The presence of cardiac cirrhosis in itself does not significantly worsen the prognosis and, if cardiac damage is treated, cirrhosis can proceed latently, without a tendency to periodic exacerbations process.

CARDIAL JAUNDICE

Despite the fact that overt jaundice in patients with symptoms of liver congestion and cardiac cirrhosis is rare, the concentration of bilirubin in the serum increases relatively often. Jaundice occurs with the same frequency both with congestion in the liver and with cardiac cirrhosis. Many authors have received statistical correlation between the intensity of jaundice and venous pressure in the right heart. In addition, pulmonary infarction plays a role in the development of jaundice. Thus, out of 424 autopsies of those who died from heart disease, 4% had jaundice, of which 10.5% of cases had a heart attack (Kugel, Lichtmann).

The yellowness of the skin and sclera in cardiac cirrhosis is slight, itchy skin absent. The uneven coloring of the skin is noteworthy. Thus, in places of massive edema, the skin is not yellow due to the fact that bilirubin circulating in the blood is bound to protein and does not enter the edematous fluid. In a small number of patients, jaundice acquires the features of mechanical jaundice: intense, with a grayish tint, coloring of the skin, pigments in the urine and light-colored feces are noted.

The mechanism of jaundice in circulatory disorders is different.

(1 ) Hepatic jaundice. There is an assumption that when the heart is damaged, liver cells inadequately excrete all pigments and, indeed, the most intense jaundice is observed in patients with severe and widespread necrosis of liver cells. However, there are exceptions to this rule, when in case of tricuspid valve insufficiency with severe liver damage, jaundice is not observed.

(2 ) Obstructive jaundice. Compression of bile capillaries due to sharp increase venous pressure inside the lobules, as well as the formation of blood clots in the bile canaliculi, as a consequence of the slow flow of bile in the biliary system, create conditions for cholestasis.

(3 ) Hemolytic jaundice often combined with tissue hemorrhages, especially pulmonary infarctions. Known sudden appearance jaundice in the clinical picture of a heart attack: be it of the lung, spleen or kidney, while heart attacks of the same location, but without damage to the heart, do not produce jaundice.
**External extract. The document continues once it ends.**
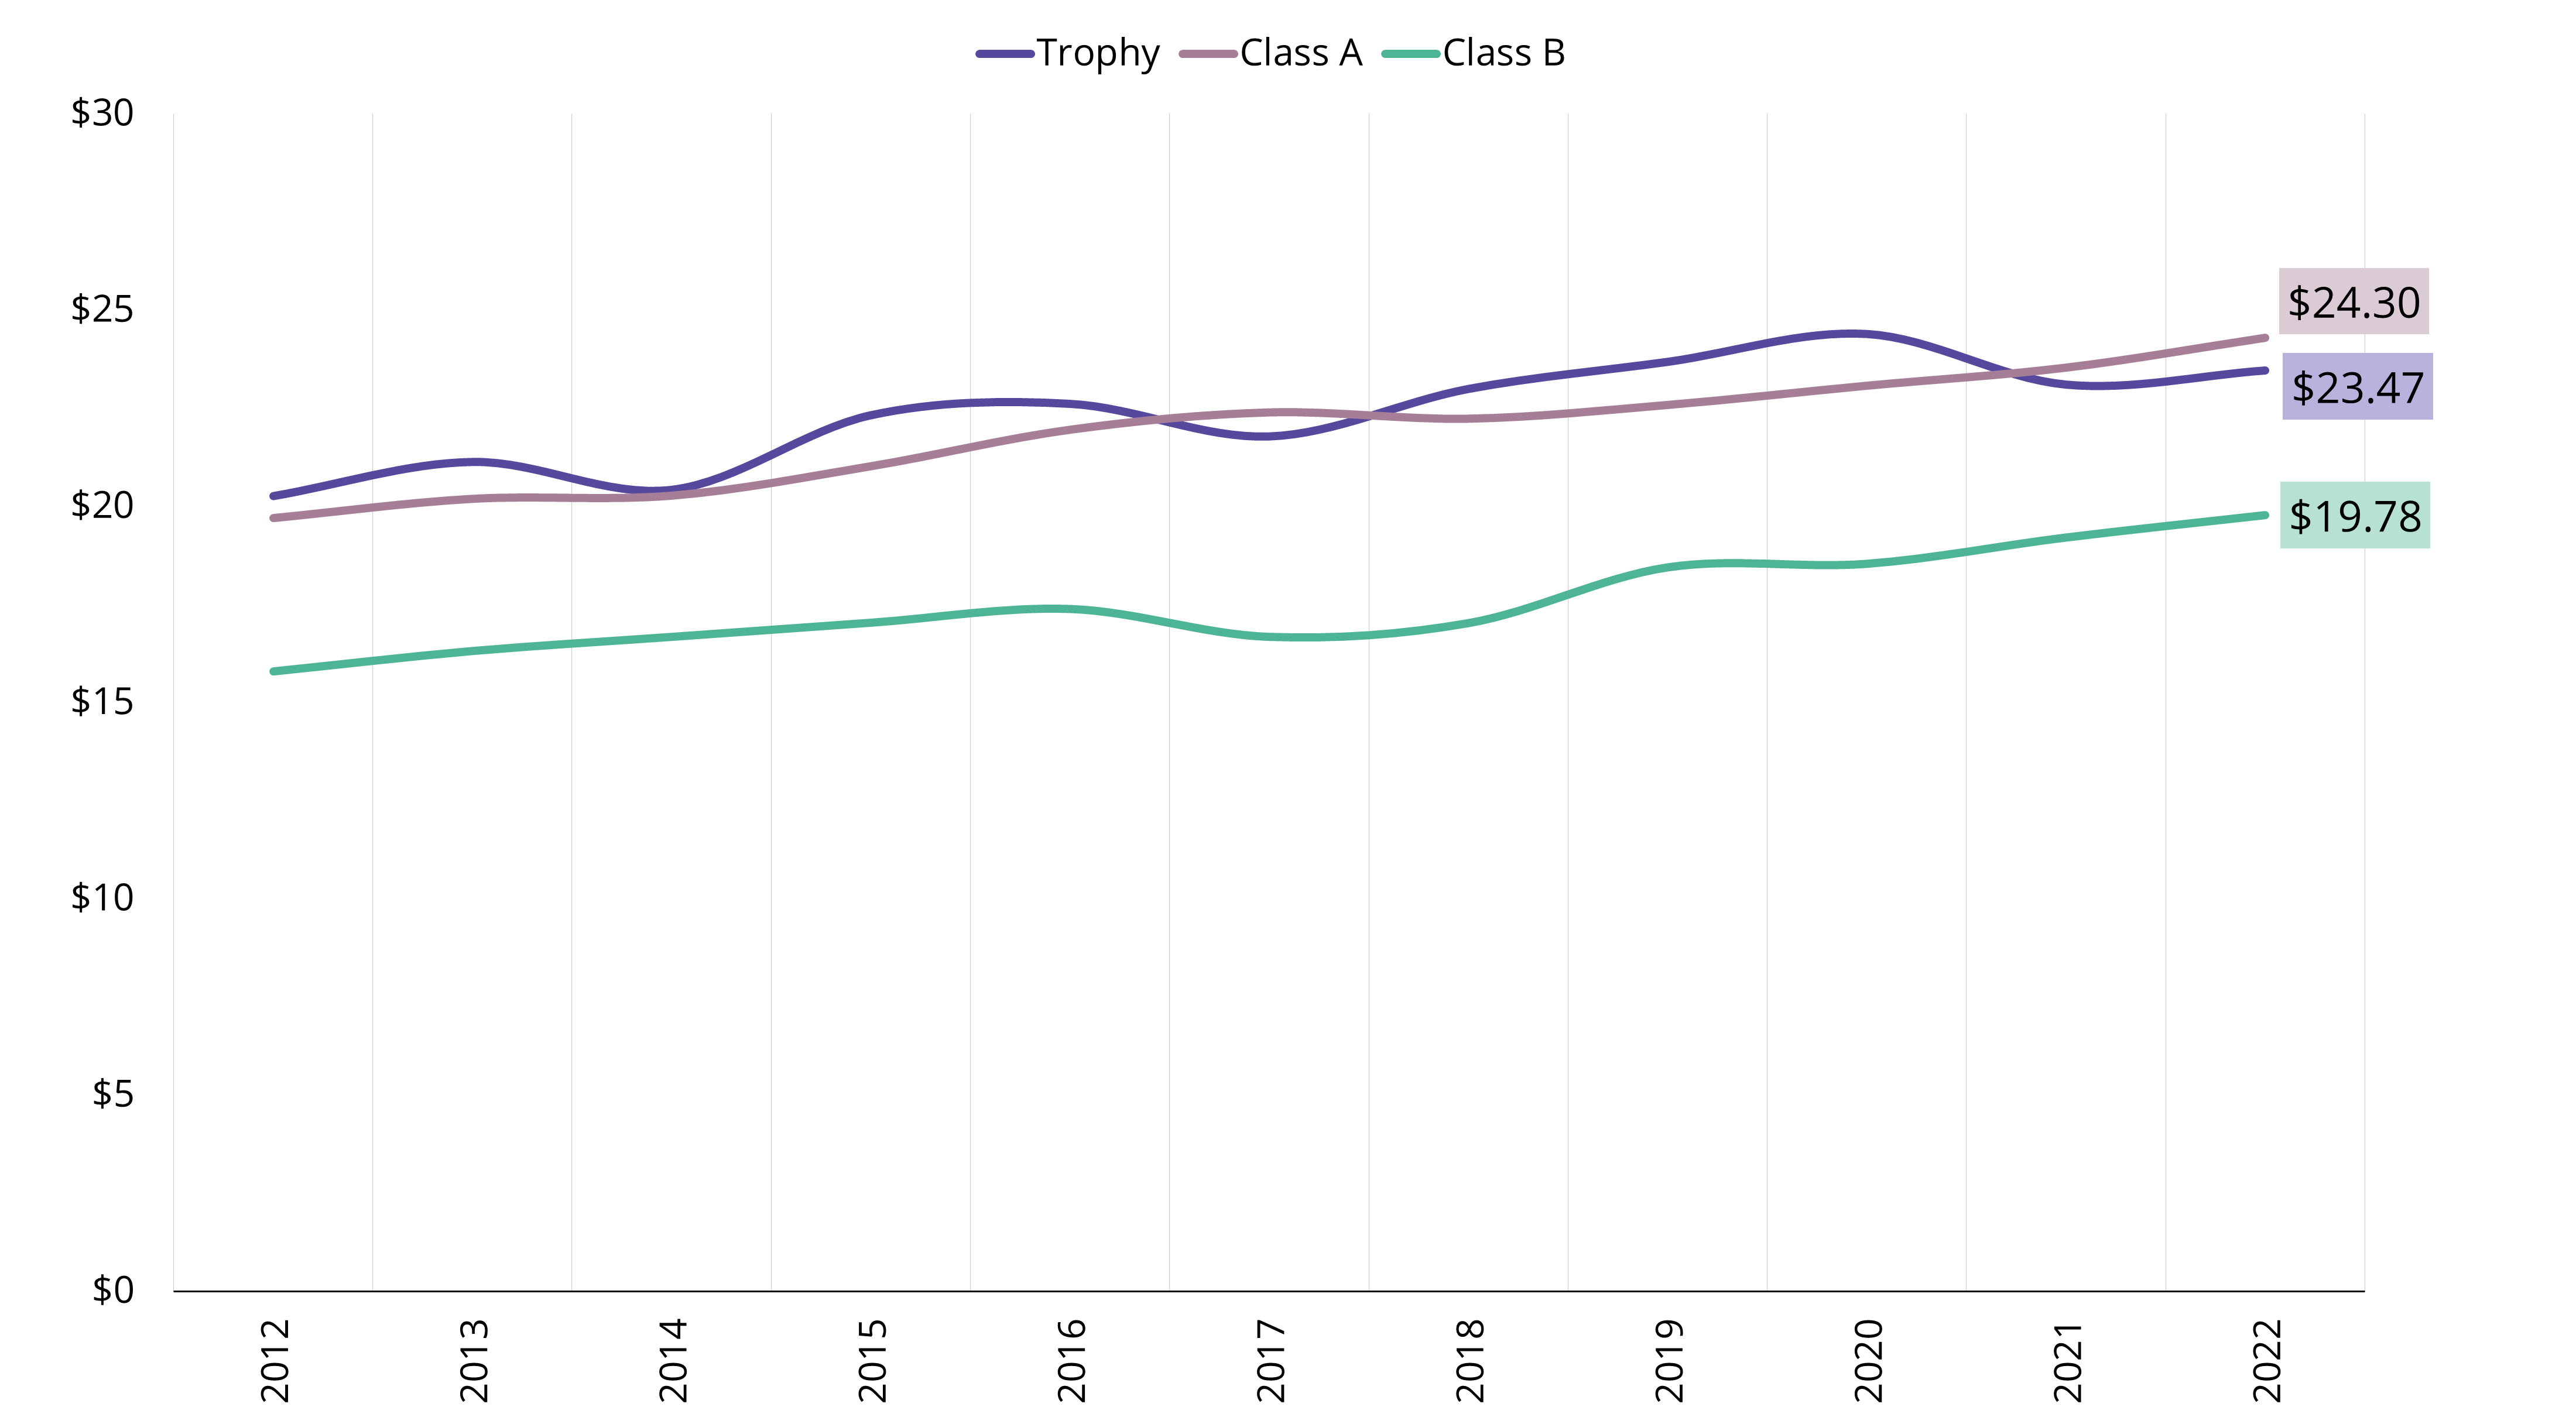 graph showing office asking rates increasing over time from 2012 to 2022 in Jacksonville, Florida due to tenant demand in the financial sector

An additional hemoglobin depot is created at the site of the infarction, from which bilirubin is formed. This excess pigment cannot be bound by the altered liver cells. Rich and Resnik injected into the tissue of patients with heart disease an amount of blood corresponding to that found in pulmonary infarction, and an increase in serum bilirubin was noted. There is also an excess of pigment in the tissues during congestion in the lungs due to heart damage, since even without a heart attack, congestion in the lungs leads to the destruction of hemoglobin.

Consequently, jaundice with heart lesions is in most cases of mixed type; The most important are lesions of liver cells and their overload with pigment as a result of heart attacks, which is confirmed by laboratory data. The urine is dark with an increased amount of urobilin; with intense jaundice, other bile pigments are also detected; dark stool with an increased amount of stercobilin, in some cases gray with a decrease in pigment release. An increased amount of bilirubin is detected in the blood, often with a direct van den Berg reaction.

Treatment is aimed mainly at the prevention and treatment of the underlying disease. In addition, the presence of liver damage requires a diet - table No. 5, a complex of vitamins, if necessary, choleretic drugs, and corticosteroids according to strict indications.